Each row of the matrix $A$ of a linear map $T:V\to W$ describes one coordinate, with respect to the chosen basis of$~W$, of the images $T(v)$ of vectors in$~V$. (This is a linear form on $V$, hence an element of $V^*$, but there is no need to stress that point.) If one row is a linear combination of other rows, then this information allows reconstructing the corresponding coordinate from those other coordinates, given only the knowledge that $T(v)$ belongs to the image subspace $\def\Im{\operatorname{Im}}\Im(T)\subseteq W$. Therefore if one selects a maximal independent subset of $r$ rows of $A$, the selection defines a subset of $r$ coordinates, such that for $w\in\Im(T)$ all other coordinates of$~w$ can be recovered from those coordinates of$~w$ (by forming appropriate linear combinations).
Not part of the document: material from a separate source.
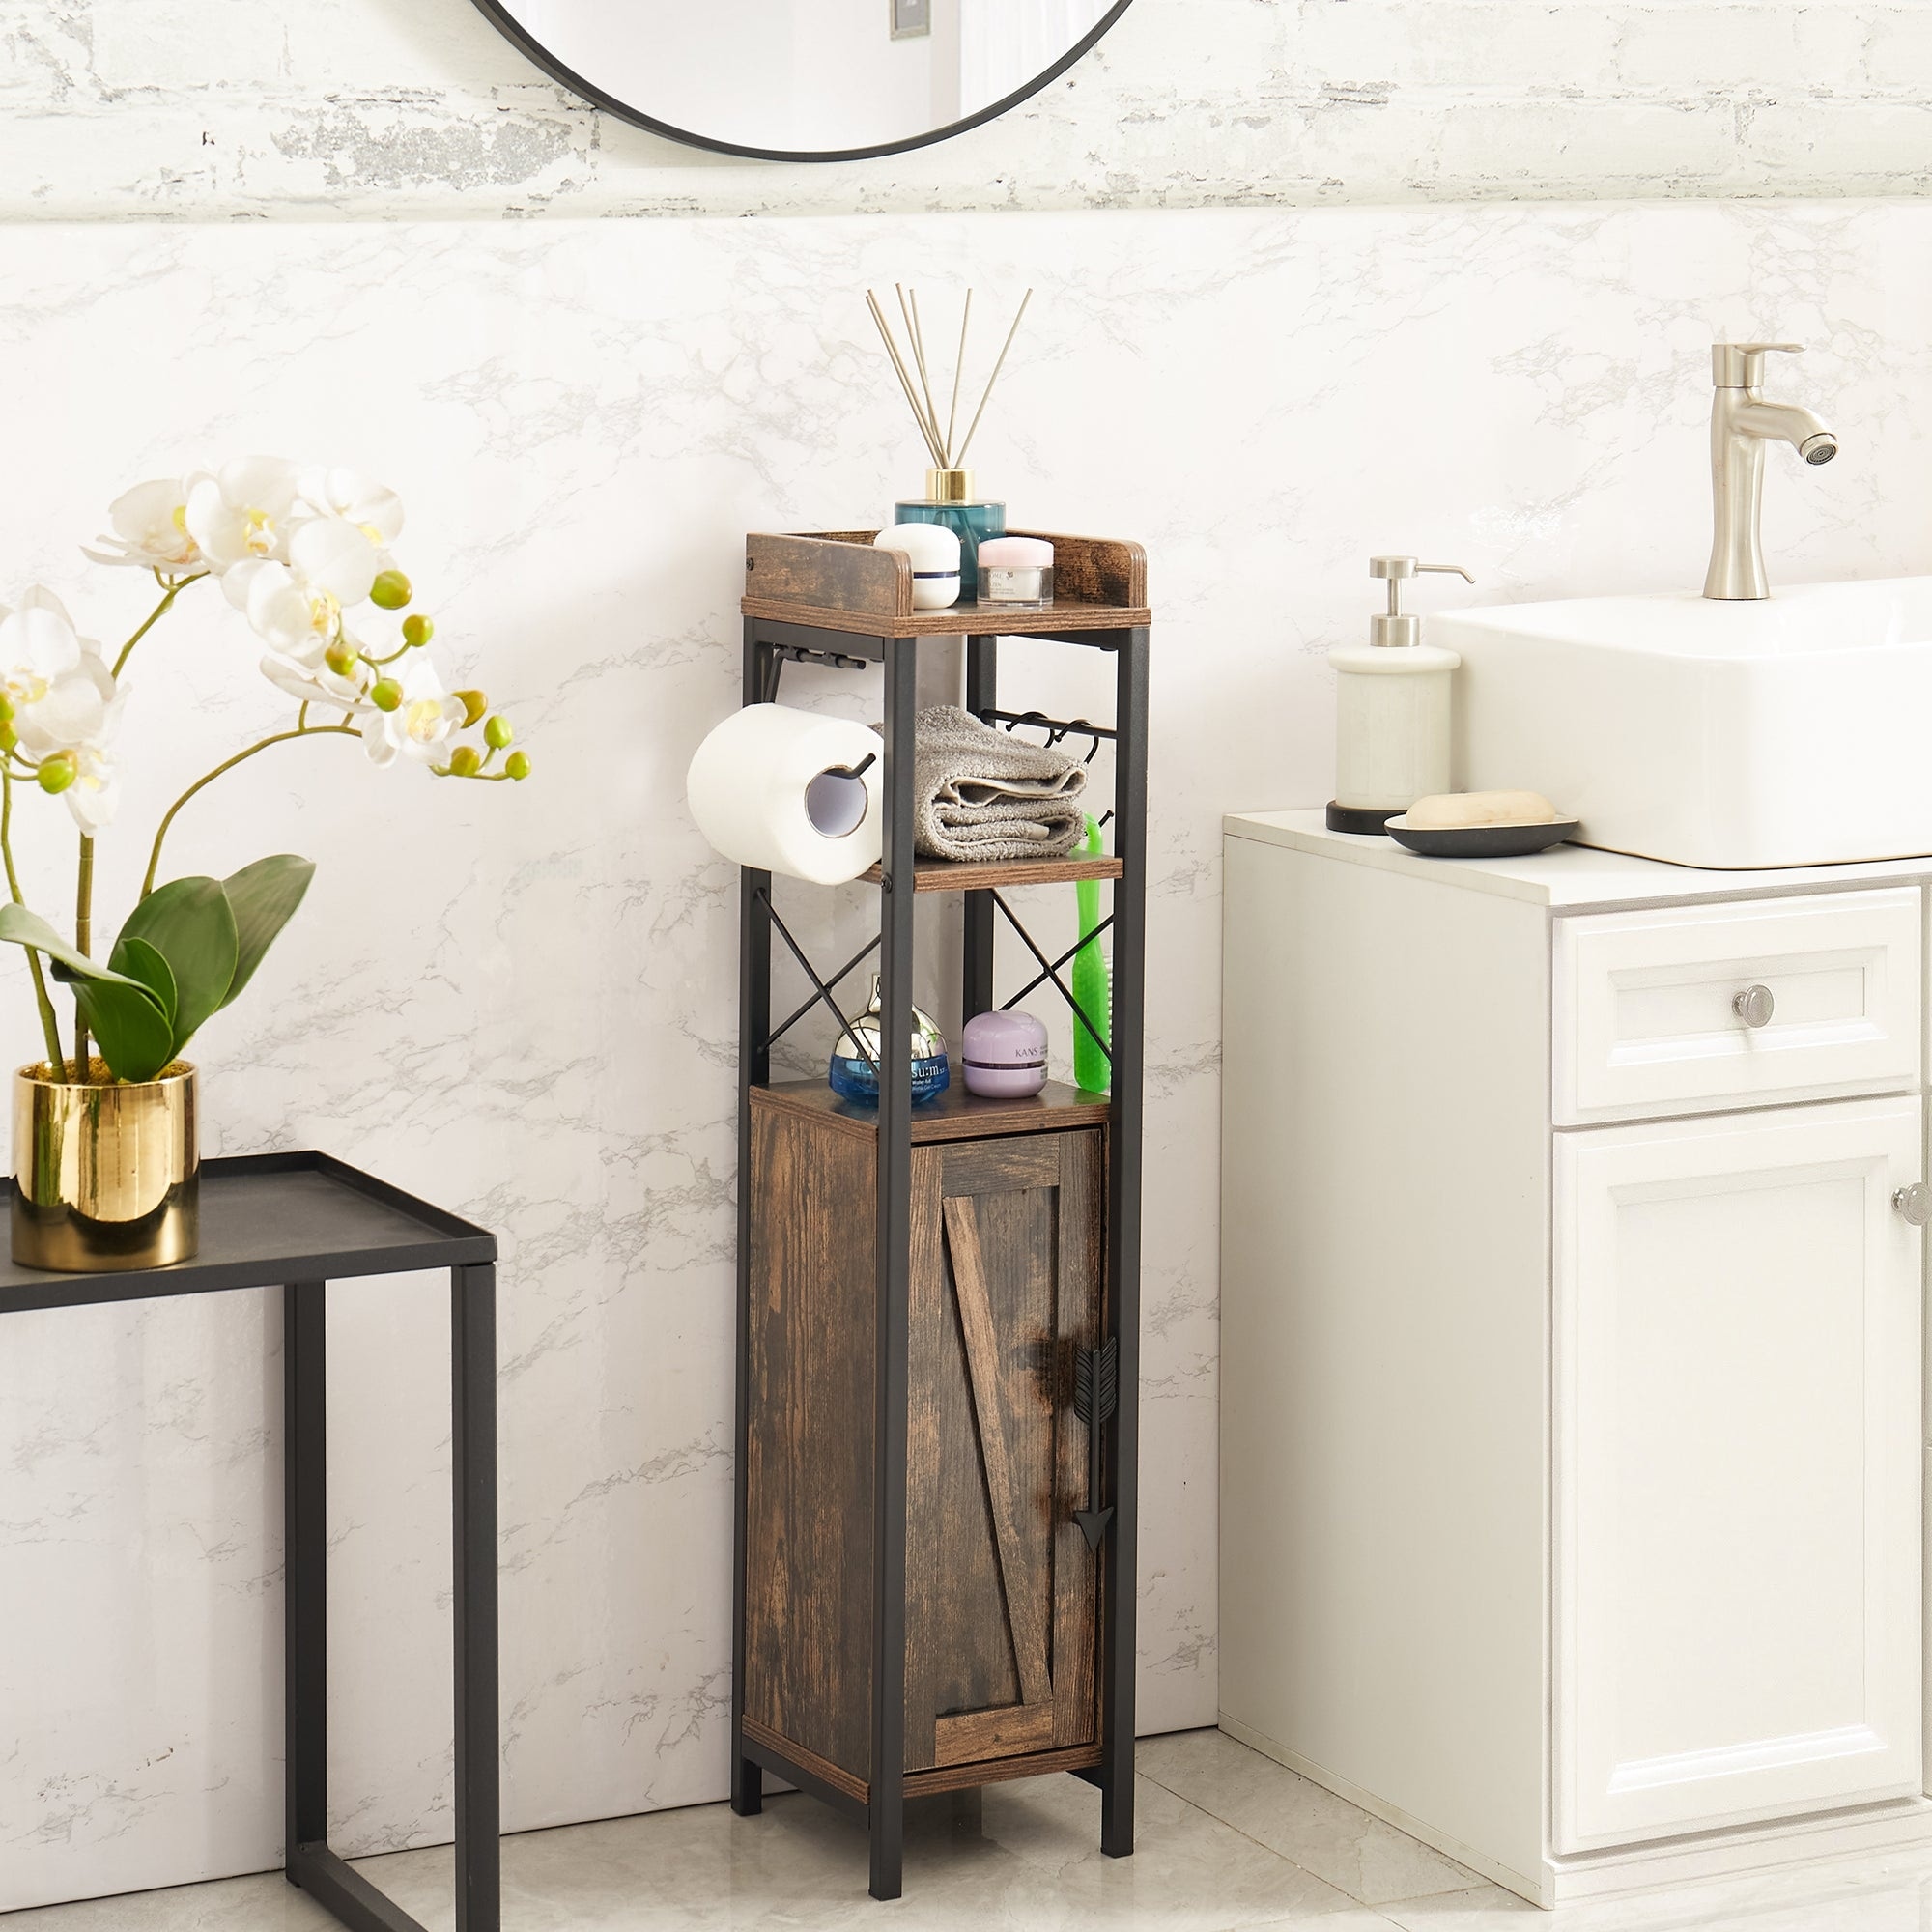 https://ak1.ostkcdn.com/images/products/is/images/direct/9c556d66eecc64ce1590feac3d6fe524f35c67bb/Wood-Tall-Bathroom-Linen-Cabinet-Small-Bathroom-Storage-Corner-Floor-Cabinet-with-Doors-and-Shelves-Toilet-Paper-Holder.jpg

It should be fairly intuitive that for a subspace of dimension $d$, it requires knowing $d$ (properly chosen) coordinates of a vector of the subspace to know exactly which vector it is. Formally this can be shown as follows. Our $r$ coordinates define a projection $p:\def\R{\Bbb R}W\to\R^r$, and our reconstruction of coordinates defines a linear map $s:\R^r\to W$ (keeping the given coordinates and reconstructing the remaining ones) such that $s(p(w))=w$ for all $w\in\Im(T)$ (we don't care what happens to elements outside $\Im(T)$). Thus the restriction of $p$ to $\Im(T)$ is certainly injective, and if we can show it to be surjective then $r=\dim(\Im(T))$, which is $\operatorname{rk}(T)$, will follow. But if it were not surjective, then the would be at least one nontrivial equation satisfied by all elements of $p(\Im(T))\subset\R^r$, a relation contradicting the independence of our set of $r$ chosen coordinates.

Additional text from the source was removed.